▶ _Exercise directions_:
The reply should hold only the lines from the one with "Merry And Bright Hook Pillow" to the one with "PATA Gold Awards", both ends kept, exactly as they appear below, without any pictures.

▶ _Dataset records_:
[Start of Attachment]

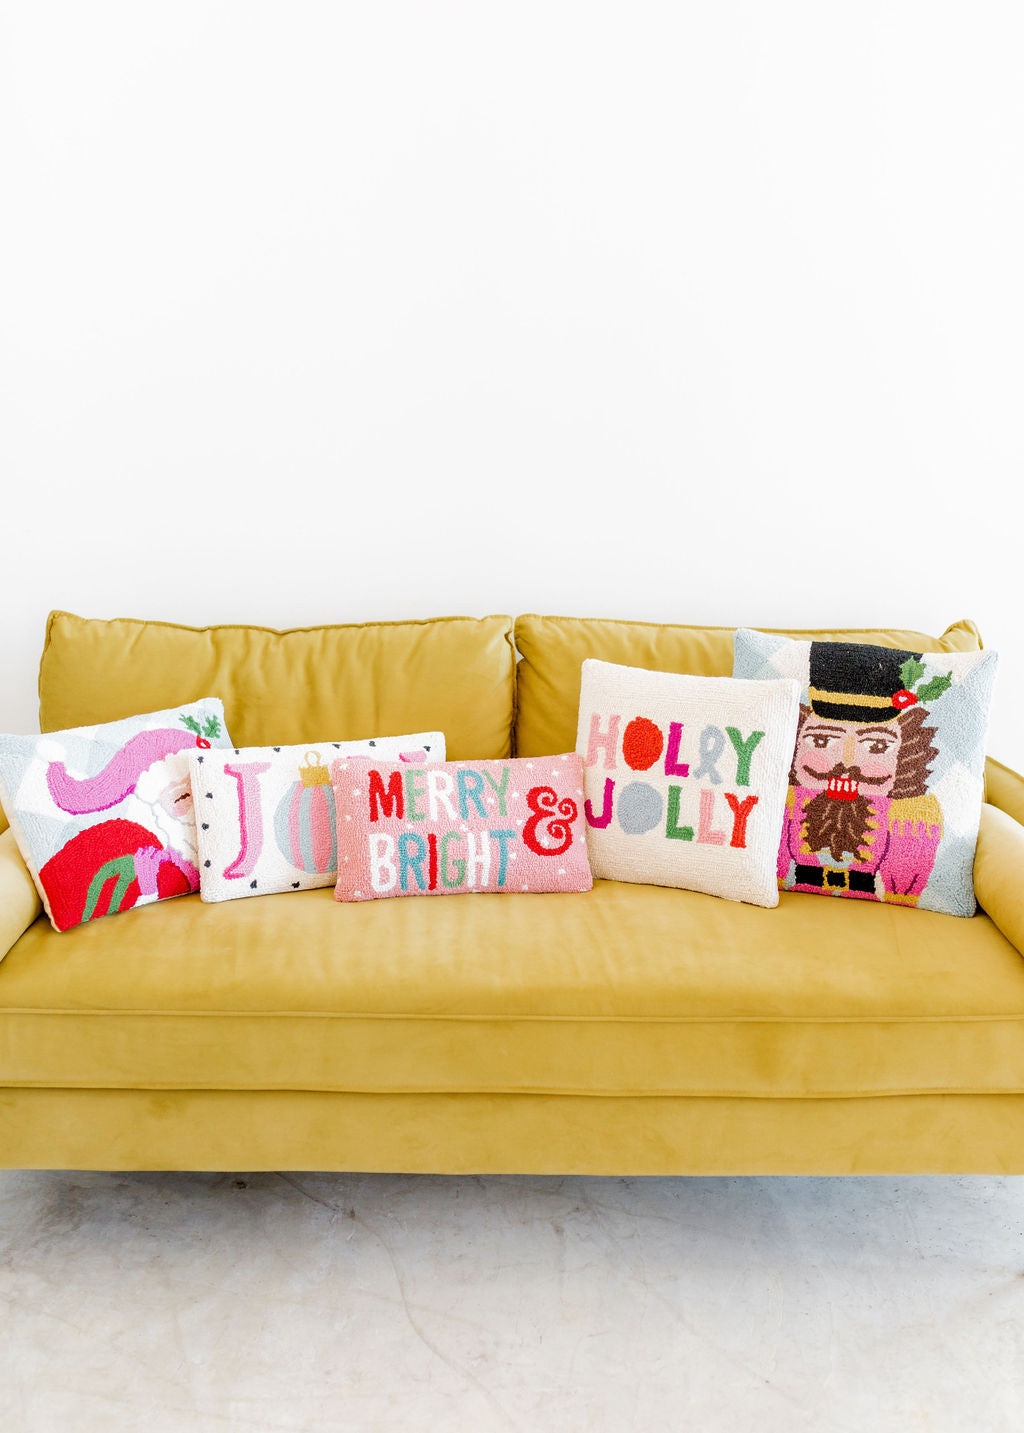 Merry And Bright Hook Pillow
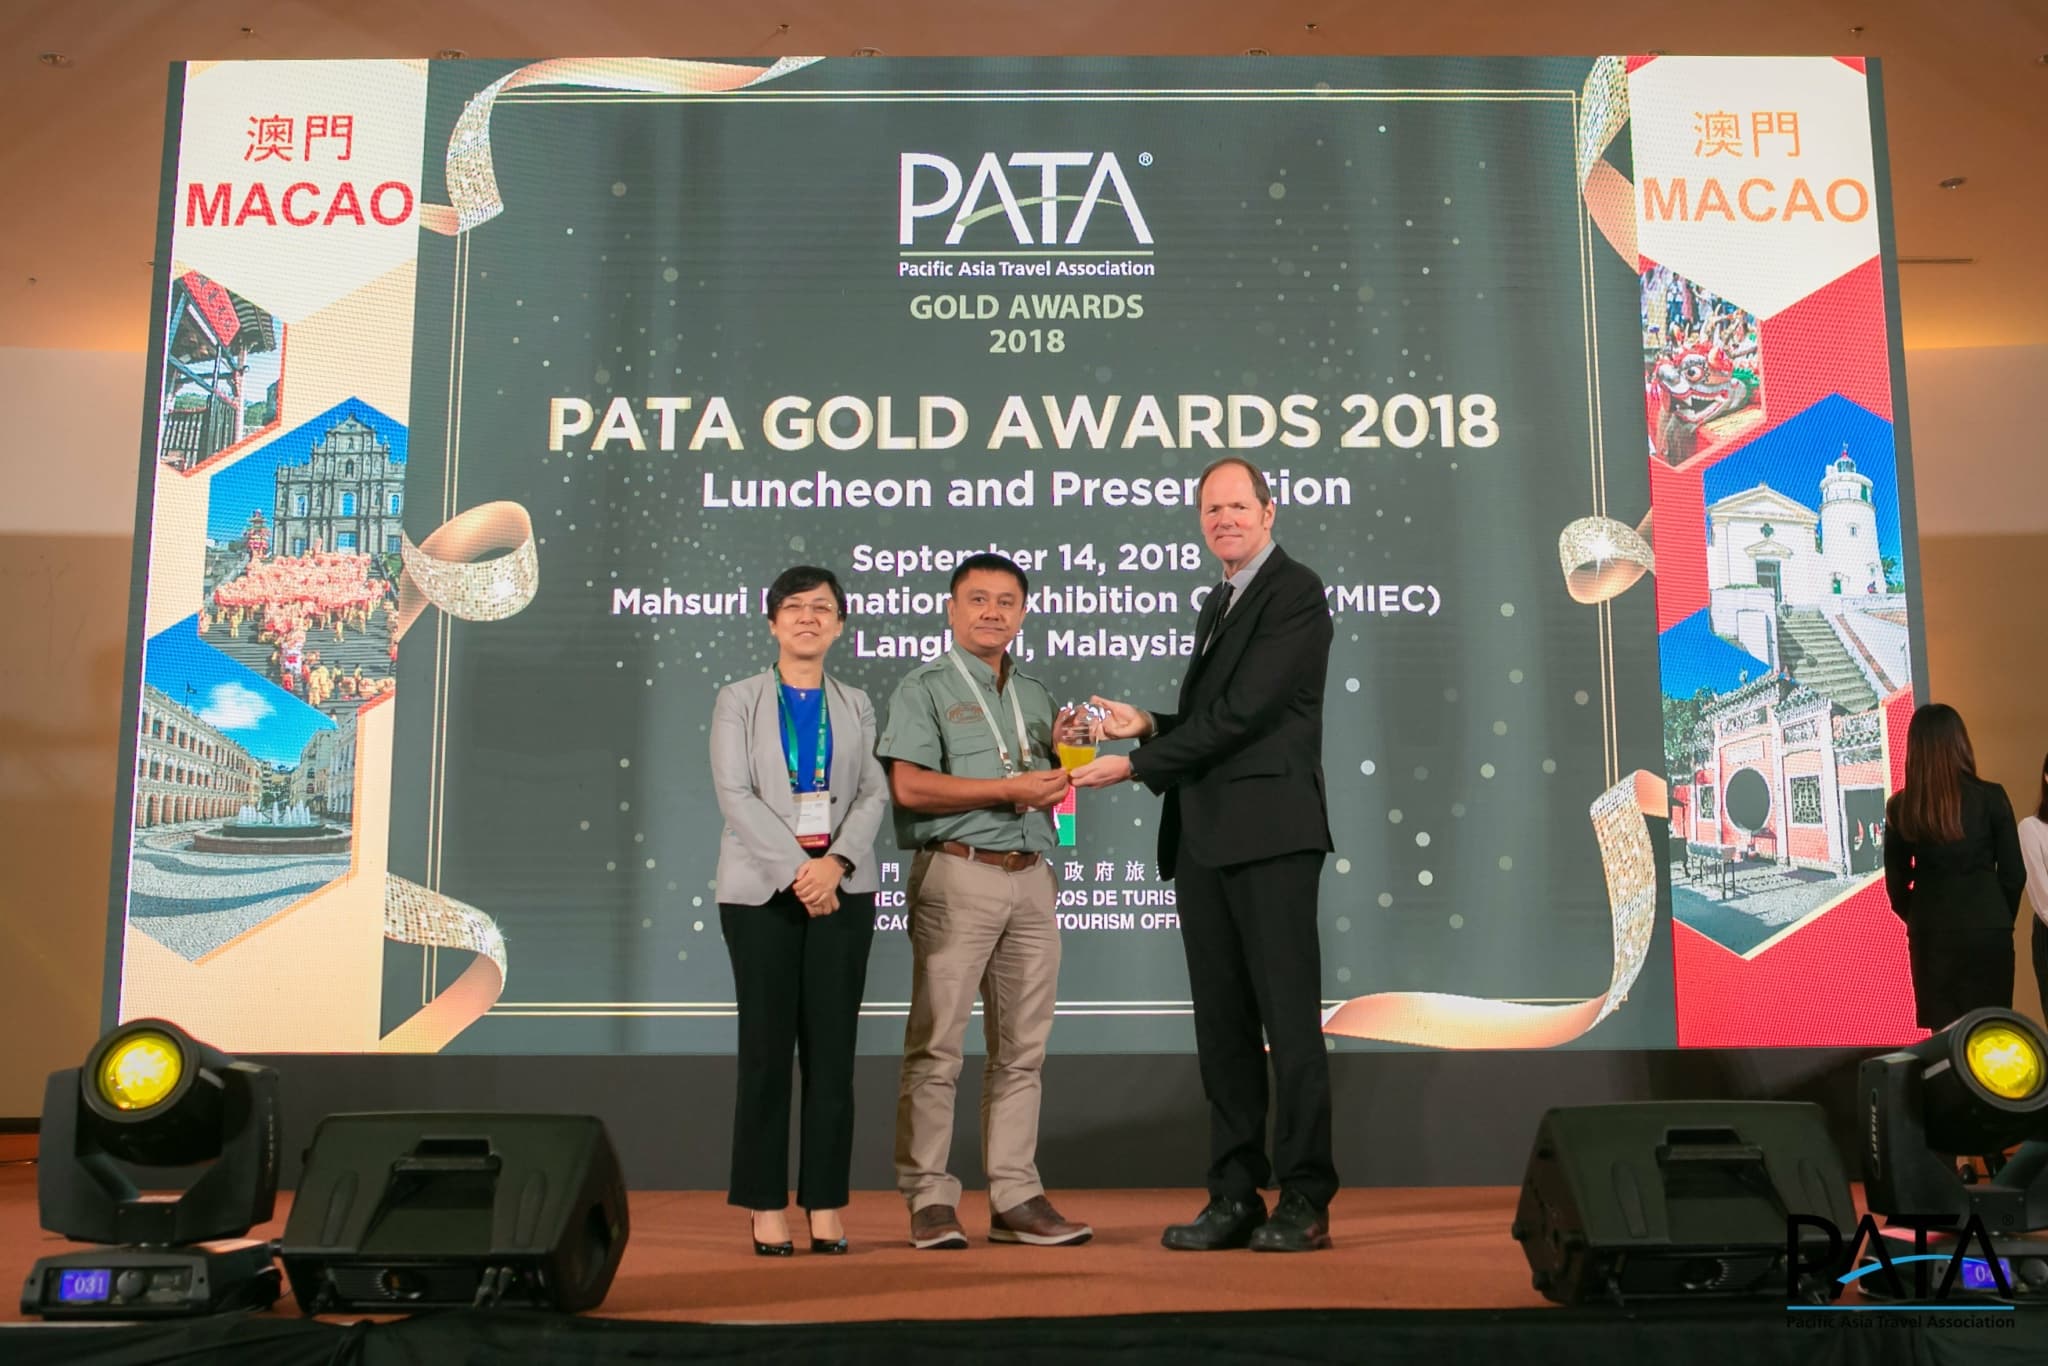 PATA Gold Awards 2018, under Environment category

[End of Attachment]
[Start of Attachment]

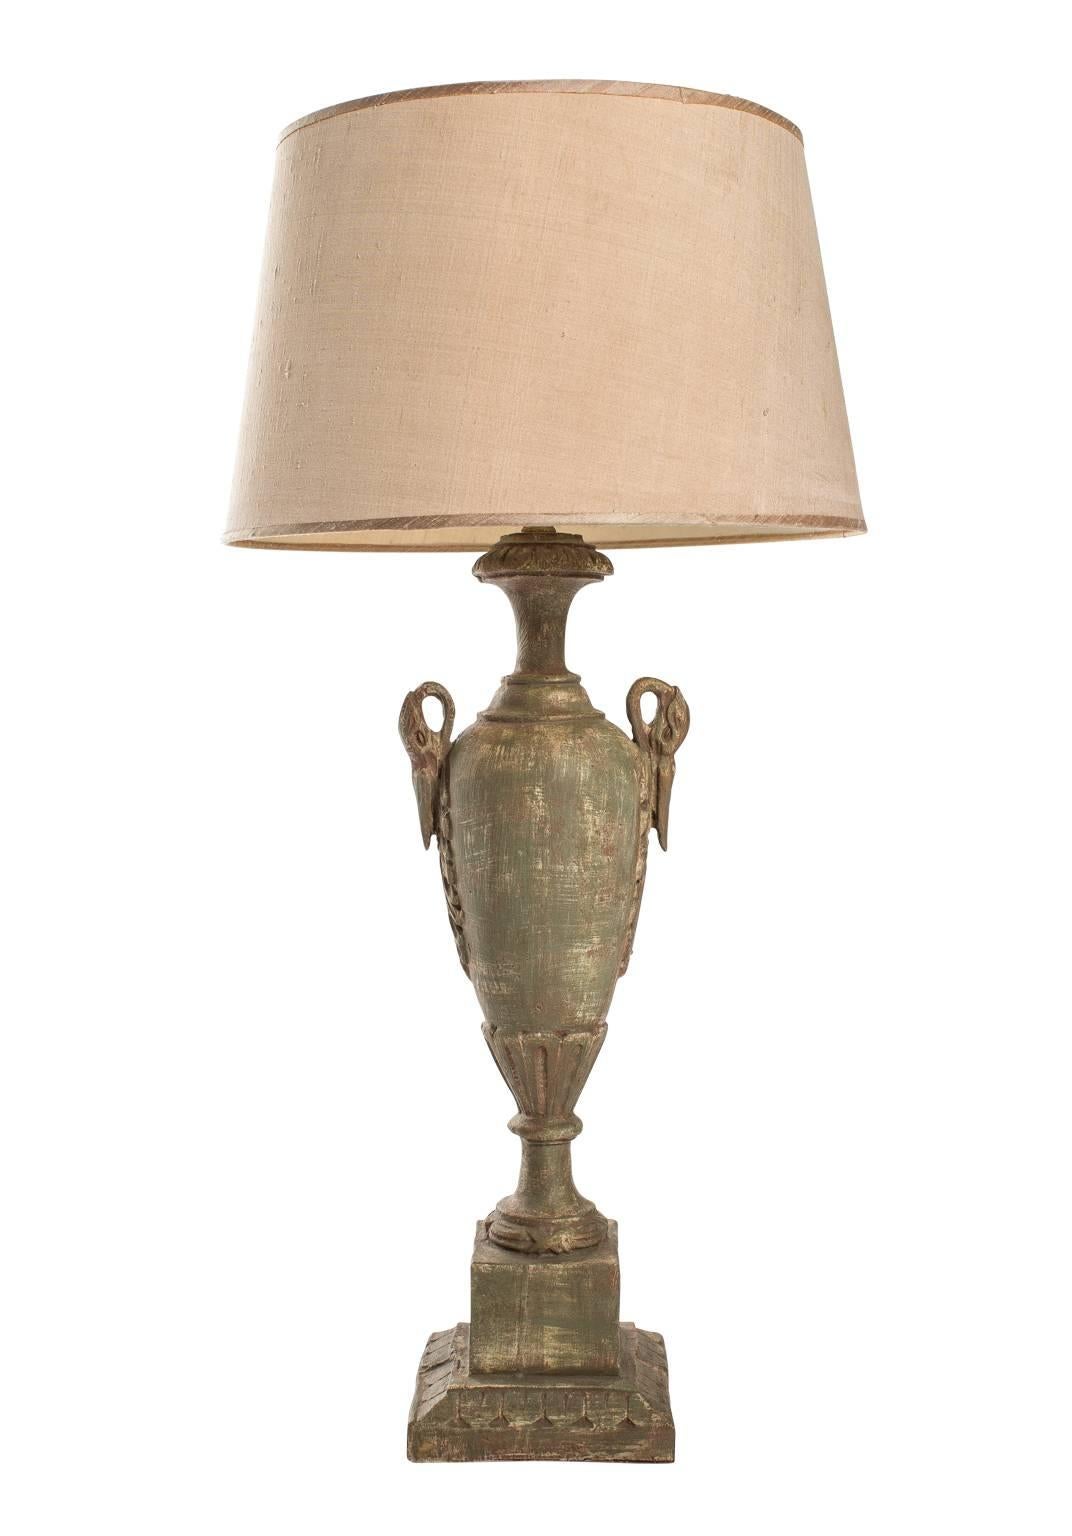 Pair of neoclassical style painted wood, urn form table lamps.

[End of Attachment]

▶ _Response box_:
 Merry And Bright Hook Pillow
 PATA Gold Awards 2018, under Environment category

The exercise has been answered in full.